__Brief__
Filter by the string "Portugal": return the lines of the material that contain it.

__Records for this exercise__

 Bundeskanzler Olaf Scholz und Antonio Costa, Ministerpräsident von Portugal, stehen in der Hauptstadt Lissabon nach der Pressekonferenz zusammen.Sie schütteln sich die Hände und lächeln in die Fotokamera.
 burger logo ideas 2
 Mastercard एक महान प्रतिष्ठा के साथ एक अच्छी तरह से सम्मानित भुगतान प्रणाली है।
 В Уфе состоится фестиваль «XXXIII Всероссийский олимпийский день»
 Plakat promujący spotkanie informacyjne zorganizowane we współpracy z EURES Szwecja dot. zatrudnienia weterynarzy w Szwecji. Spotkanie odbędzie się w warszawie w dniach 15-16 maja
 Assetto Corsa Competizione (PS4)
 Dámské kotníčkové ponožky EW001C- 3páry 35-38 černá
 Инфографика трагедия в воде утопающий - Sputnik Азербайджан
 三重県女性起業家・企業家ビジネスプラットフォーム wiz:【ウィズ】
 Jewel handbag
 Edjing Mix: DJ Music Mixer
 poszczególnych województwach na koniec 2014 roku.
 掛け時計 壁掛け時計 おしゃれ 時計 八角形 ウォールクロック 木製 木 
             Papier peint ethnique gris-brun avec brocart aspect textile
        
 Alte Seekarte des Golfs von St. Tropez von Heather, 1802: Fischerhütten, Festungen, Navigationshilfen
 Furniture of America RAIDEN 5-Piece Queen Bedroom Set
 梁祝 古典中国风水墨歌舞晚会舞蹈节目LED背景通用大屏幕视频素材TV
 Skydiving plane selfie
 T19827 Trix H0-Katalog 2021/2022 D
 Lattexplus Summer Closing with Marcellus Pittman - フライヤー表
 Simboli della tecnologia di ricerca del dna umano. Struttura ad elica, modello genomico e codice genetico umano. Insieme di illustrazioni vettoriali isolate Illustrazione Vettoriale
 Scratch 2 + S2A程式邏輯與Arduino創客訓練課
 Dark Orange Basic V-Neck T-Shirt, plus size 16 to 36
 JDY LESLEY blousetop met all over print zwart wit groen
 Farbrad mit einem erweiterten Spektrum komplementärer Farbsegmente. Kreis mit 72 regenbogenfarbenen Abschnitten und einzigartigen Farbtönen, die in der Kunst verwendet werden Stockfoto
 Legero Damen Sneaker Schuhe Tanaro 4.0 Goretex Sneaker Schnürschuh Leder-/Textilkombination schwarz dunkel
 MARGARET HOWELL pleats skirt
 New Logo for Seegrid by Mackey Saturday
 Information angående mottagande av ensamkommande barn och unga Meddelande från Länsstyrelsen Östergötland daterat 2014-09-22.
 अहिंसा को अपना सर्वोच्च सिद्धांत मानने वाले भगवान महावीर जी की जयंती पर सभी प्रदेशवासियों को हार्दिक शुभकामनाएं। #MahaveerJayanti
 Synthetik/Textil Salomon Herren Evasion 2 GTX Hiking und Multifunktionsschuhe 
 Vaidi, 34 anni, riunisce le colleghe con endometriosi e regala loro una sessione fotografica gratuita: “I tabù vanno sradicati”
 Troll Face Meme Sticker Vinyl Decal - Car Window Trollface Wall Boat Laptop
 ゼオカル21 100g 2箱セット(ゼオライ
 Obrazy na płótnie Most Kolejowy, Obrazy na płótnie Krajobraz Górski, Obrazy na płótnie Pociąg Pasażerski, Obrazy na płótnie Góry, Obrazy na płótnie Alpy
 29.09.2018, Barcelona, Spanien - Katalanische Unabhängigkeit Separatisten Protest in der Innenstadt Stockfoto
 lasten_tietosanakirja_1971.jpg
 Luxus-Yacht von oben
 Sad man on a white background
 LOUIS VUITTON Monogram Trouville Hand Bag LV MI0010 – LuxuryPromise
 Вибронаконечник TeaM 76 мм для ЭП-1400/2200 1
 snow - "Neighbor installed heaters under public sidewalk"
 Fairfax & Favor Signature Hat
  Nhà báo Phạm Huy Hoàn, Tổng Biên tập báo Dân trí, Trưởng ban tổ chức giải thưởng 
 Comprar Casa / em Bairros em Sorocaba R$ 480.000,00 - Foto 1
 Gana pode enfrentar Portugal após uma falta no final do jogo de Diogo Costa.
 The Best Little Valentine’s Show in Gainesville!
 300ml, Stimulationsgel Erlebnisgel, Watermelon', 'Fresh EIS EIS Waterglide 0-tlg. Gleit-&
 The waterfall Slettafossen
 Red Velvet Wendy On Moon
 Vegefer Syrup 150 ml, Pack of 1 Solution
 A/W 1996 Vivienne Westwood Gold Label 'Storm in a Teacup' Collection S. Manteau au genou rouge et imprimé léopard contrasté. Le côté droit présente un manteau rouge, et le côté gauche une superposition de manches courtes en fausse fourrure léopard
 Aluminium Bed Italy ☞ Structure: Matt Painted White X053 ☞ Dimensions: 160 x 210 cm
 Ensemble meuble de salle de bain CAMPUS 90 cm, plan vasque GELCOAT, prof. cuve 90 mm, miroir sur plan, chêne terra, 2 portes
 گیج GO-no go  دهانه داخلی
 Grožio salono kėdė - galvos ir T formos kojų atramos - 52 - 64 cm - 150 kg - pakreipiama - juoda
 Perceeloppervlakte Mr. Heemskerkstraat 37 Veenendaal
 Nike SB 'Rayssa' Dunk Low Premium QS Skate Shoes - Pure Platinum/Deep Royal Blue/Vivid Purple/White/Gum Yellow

__Expected answer__
 Bundeskanzler Olaf Scholz und Antonio Costa, Ministerpräsident von Portugal, stehen in der Hauptstadt Lissabon nach der Pressekonferenz zusammen.Sie schütteln sich die Hände und lächeln in die Fotokamera.
 Gana pode enfrentar Portugal após uma falta no final do jogo de Diogo Costa.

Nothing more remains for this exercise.